RECORDED DATA >>
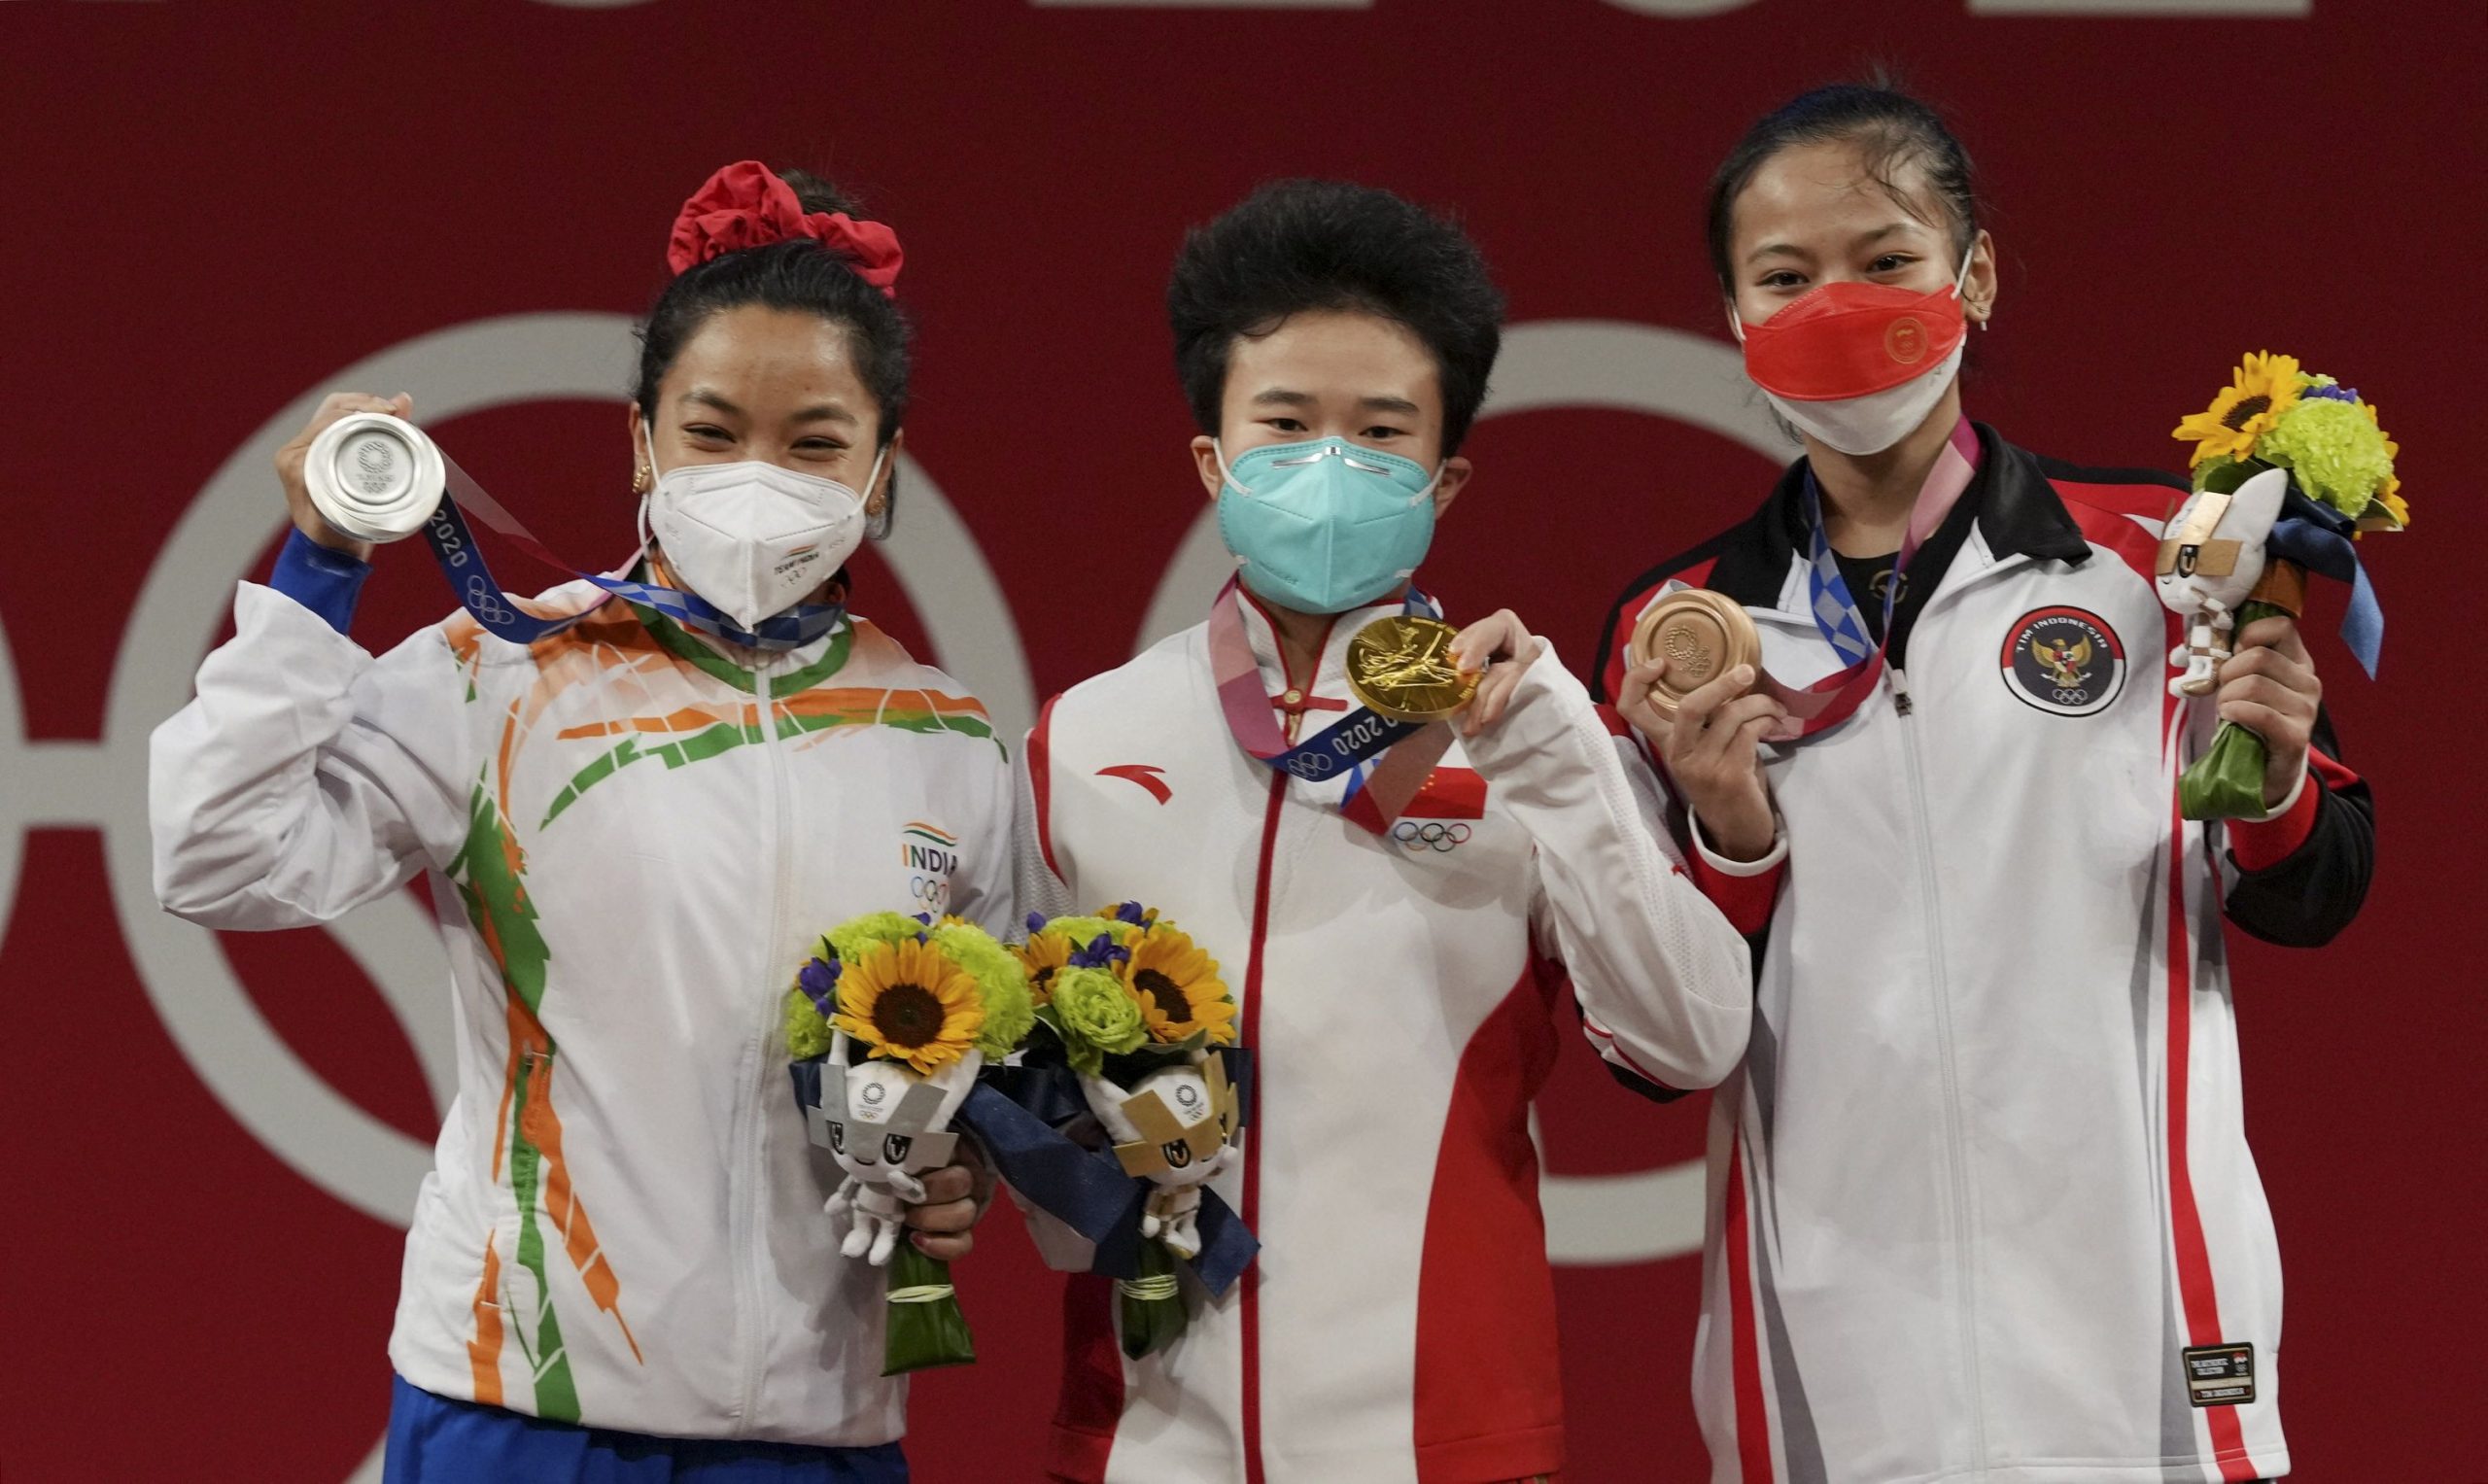 Tokyo Olympics: Story behind winners’ flowers that pay tribute to 2011 disaster
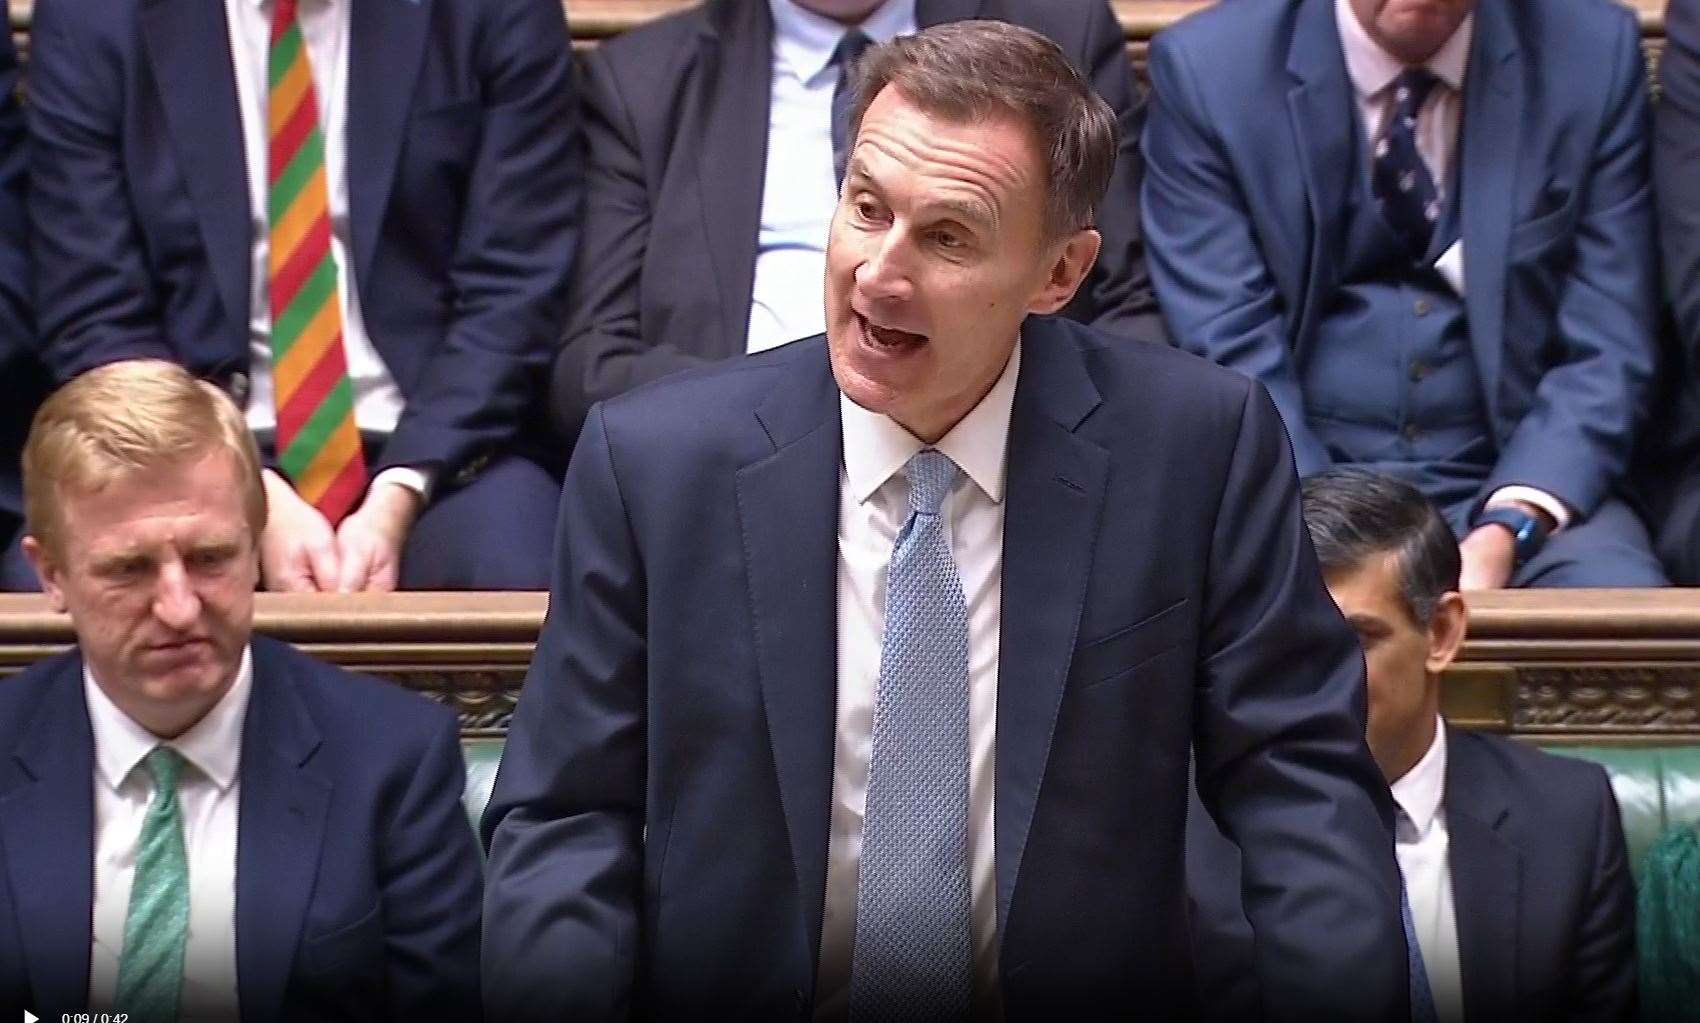 Jeremy Hunt delivering his Budget to the House of Commons (House of Commons/UK Parliament)
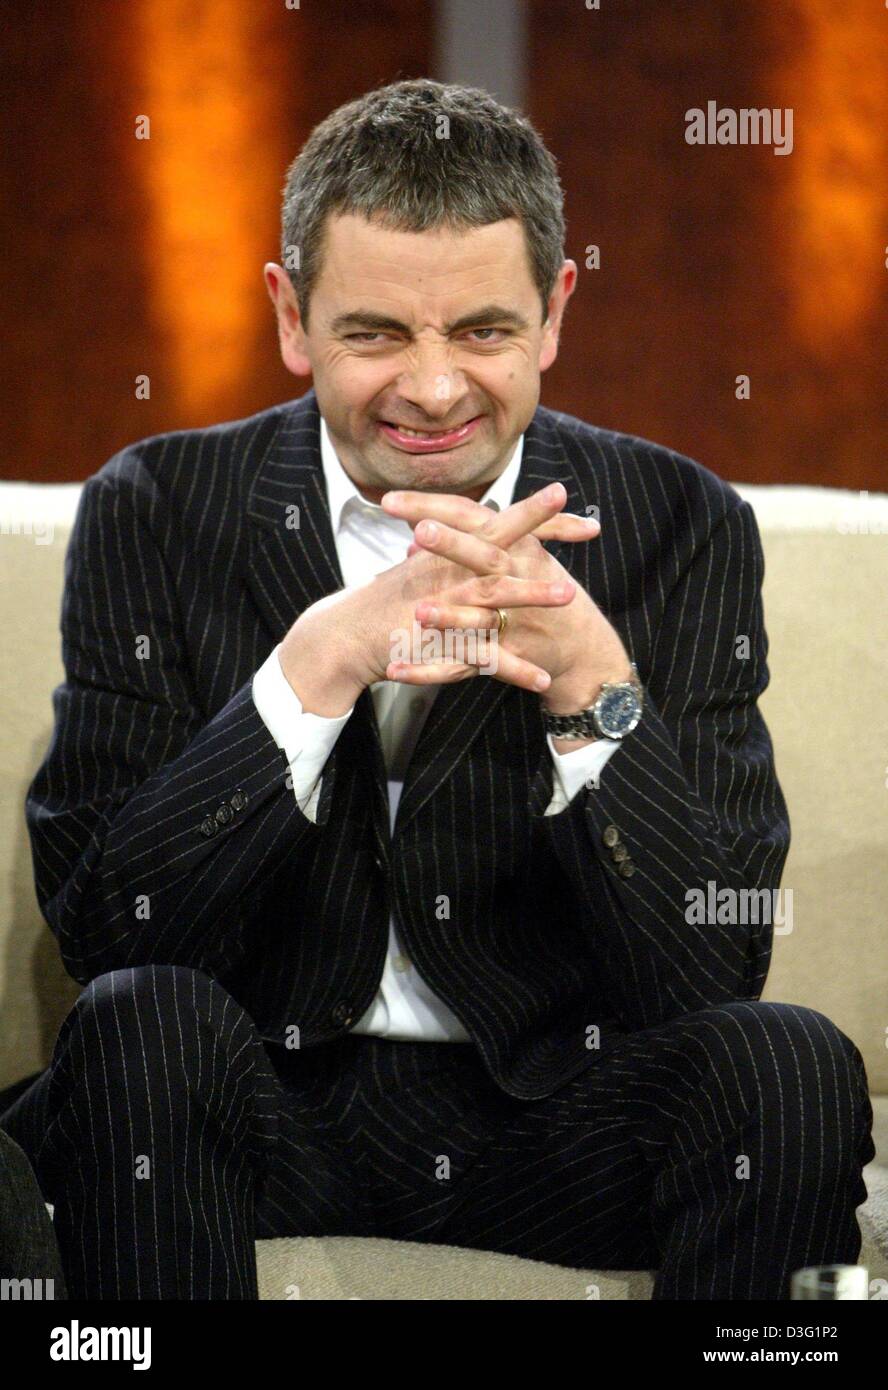 (dpa) - British comedian Rowan Atkinson alias 'Mr Bean' pulls a face during the popular TV show 'Wetten dass...?' (bet that...?), in Lucerne, Switzerland, 22 March 2003. The live show broadcast by the German TV station ZDF was watched by 13.8 million people (which is a market share of 44 per cent), although it was subject to be cancelled at the last minute due to the war in Iraq. Stock Photo

YOUR OBJECTIVE >> Could you reproduce exactly the lines from the first line of the listing through the line containing "Jeremy Hunt delivering", both included, with pictures left out?

RESULT BELOW >>
 Tokyo Olympics: Story behind winners’ flowers that pay tribute to 2011 disaster
 Jeremy Hunt delivering his Budget to the House of Commons (House of Commons/UK Parliament)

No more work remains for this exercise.